The avatar is served content.
But both are, in truth, servants of the system, perpetuating the circulation of data, money, and desire.
The Old Pattern
From Land to Cities, From Cities to Cloud.
We’ve seen this before.
The Agricultural Revolution forced bodies off the land into the first structures of settlement and ownership.
The Industrial Revolution displaced them again — from land to factory, from nature to urban machines.
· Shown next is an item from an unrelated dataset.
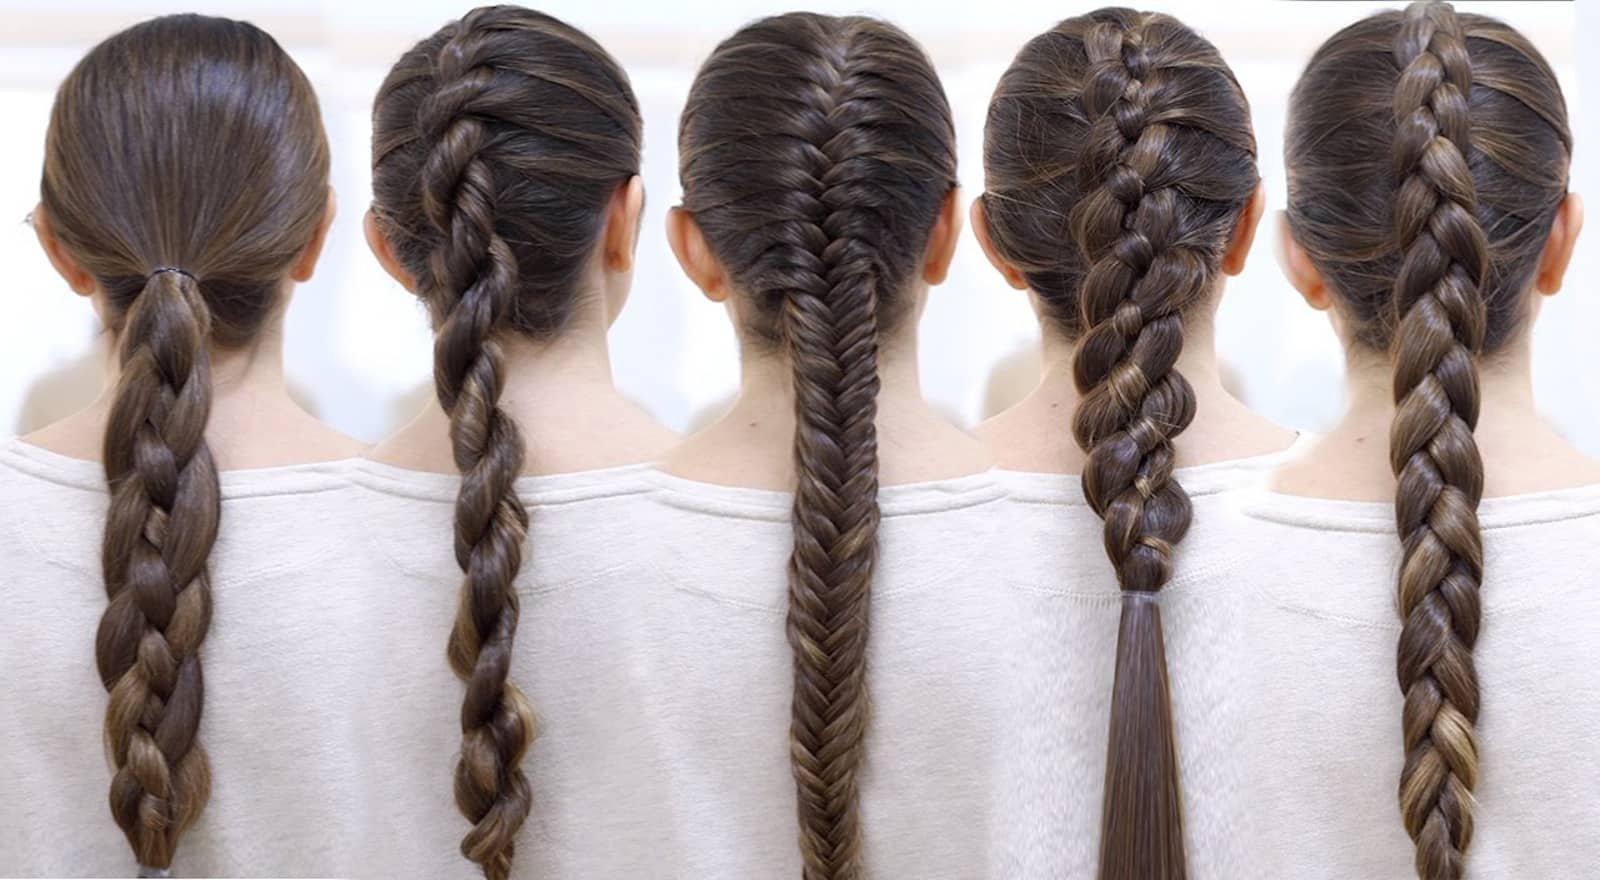 Косы заплете н нн ы. Красивые причёски для девочек в школу. Плетение на длинные волосы для девочек в школу. Школьные прически для девочек. Колосок на длинные волосы для девочек.

This was the internal movement… migration into cities.
And the external movement
colonial expansion
conquest, trade, extraction.
Today we are living a third wave of displacement
Internally, the body is displaced into digital landscapes, dissociated from its environment, sedated by interfaces.
Externally, it is displaced into tourist flows, moving across borders not to build anything, but to consume affect and visibility.
Both movements
inward and outward
serve the same logic.
To maintain the metabolic rhythm of a system that no longer needs us to build, only to circulate.
The New Empire… The Cloud
This is the true territory now. The Cloud is not just infrastructure — it is the new sovereign.
It owns the flows. It orchestrates the logistics.
And it does not need citizens — only users.
In this system… You will be fed, housed, distracted, and perhaps even paid — as long as you circulate.
As long as you leave traces.
As long as your body or your avatar remains economically legible.
That is the price of belonging…
To move, or to scroll. To be seen, or to perform.
The factory is gone.
The plantation is gone.
Now, the Cloud harvests what remains.
your time, your image, your soul.
We have become colonists of ourselves.
Tourists of our own alienation.
Servants in a palace that needs no master.
There may be no going back to the “worker” as we once knew.
But the next resistance will not come from escape — nor from connection.
It will come from those who stay still,
who cut the interface,
who refuse the circulation.
It will come from those who plant themselves in the ruins — and begin again.